只讨论性能,不考虑关联性,降噪数据未填补。
1.引入数据集
from sklearn.ensemble import RandomForestClassifier
from sklearn.metrics import accuracy_score
from sklearn.metrics import confusion_matrix
from sklearn.metrics import classification_report
from sklearn.metrics import explained_variance_score
from sklearn.ensemble import RandomForestRegressor
from sklearn.preprocessing import StandardScaler
from sklearn.model_selection import train_test_split
import pandas as pd
import numpy as np
import time
from sklearn import metrics
import csv
data=[]
traffic_feature=[]
traffic_target=[]
csv_file = csv.reader(open('turang.csv'))
for content in csv_file:
content=list(map(float,content))
if len(content)!=0:
data.append(content)
traffic_feature.append(content[0:4])
traffic_target.append(content[-1])
data=np.array(data)
traffic_feature=np.array(traffic_feature)
traffic_target=np.array(traffic_target)
df=pd.DataFrame(data=data,columns = ['土壤温度','空气湿度','空气温度','光照强度','土壤水分'])
df
土壤温度 | 空气湿度 | 空气温度 | 光照强度 | 土壤水分 | |
---|---|---|---|---|---|
0 | 37.77 | 27.00 | 39.90 | 68150.99 | 9.88 |
1 | 37.80 | 28.83 | 40.03 | 63989.96 | 9.85 |
2 | 37.82 | 26.82 | 40.20 | 63039.88 | 9.78 |
3 | 37.96 | 24.33 | 39.90 | 62988.95 | 9.77 |
4 | 37.77 | 24.03 | 39.60 | 59670.04 | 9.80 |
... | ... | ... | ... | ... | ... |
3078 | 28.57 | 91.17 | 17.23 | 861.47 | 28.30 |
3079 | 28.52 | 90.90 | 17.17 | 861.55 | 28.30 |
3080 | 28.50 | 89.80 | 17.15 | 861.76 | 28.28 |
3081 | 28.49 | 86.70 | 17.27 | 861.98 | 28.27 |
3082 | 28.46 | 84.50 | 17.43 | 860.32 | 28.28 |
3083 rows × 5 columns
2.标准化
scaler = StandardScaler() # 标准化转换
scaler.fit(traffic_feature) # 训练标准化对象
traffic_feature= scaler.transform(traffic_feature) # 转换数据集
feature_train,feature_test,target_train, target_test = train_test_split(traffic_feature,traffic_target,test_size=0.1,random_state=10)
3.SVR
from sklearn.svm import SVR
import matplotlib.pyplot as plt
start1=time.time()
model_svr = SVR(C=1,epsilon=0.1,gamma=10)

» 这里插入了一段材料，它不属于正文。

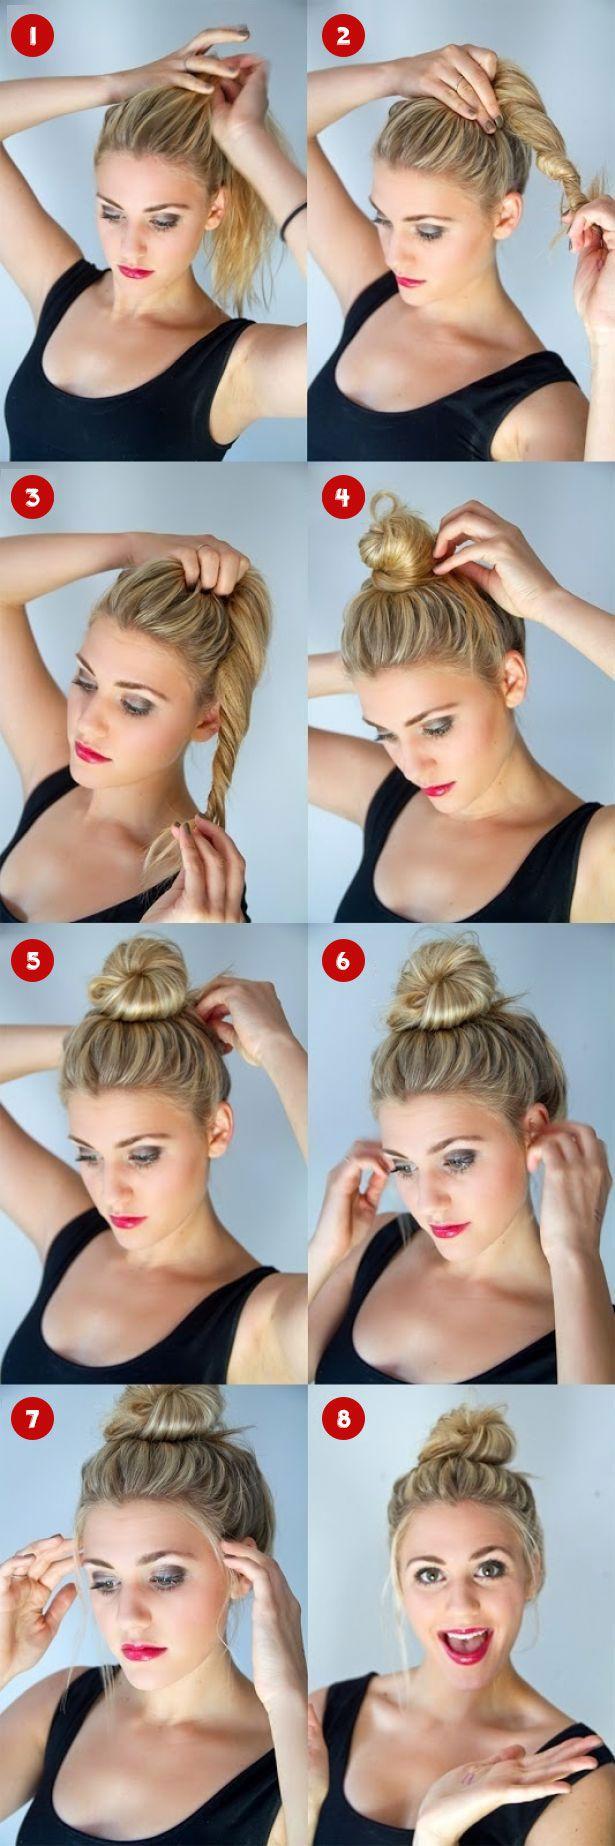 Как сделать модную причёску

model_svr.fit(feature_train,target_train)
predict_results1=model_svr.predict(feature_test)
end1=time.time()
SVRRESULT=predict_results1
plt.plot(target_test)#测试数组
plt.plot(predict_results1)#测试数组
plt.legend(['True','SVR'])
fig = plt.gcf()
fig.set_size_inches(18.5, 10.5)
plt.title("SVR") # 标题
plt.show()
print("EVS:",explained_variance_score(target_test,predict_results1))
print("R2:",metrics.r2_score(target_test,predict_results1))
print("Time:",end1-start1)
EVS: 0.6563954626493961 R2: 0.6536622059850858 Time: 0.3603041172027588
4.引入IForest降噪
from sklearn.ensemble import IsolationForest
model_isof = IsolationForest()
outlier_label = model_isof.fit_predict(df)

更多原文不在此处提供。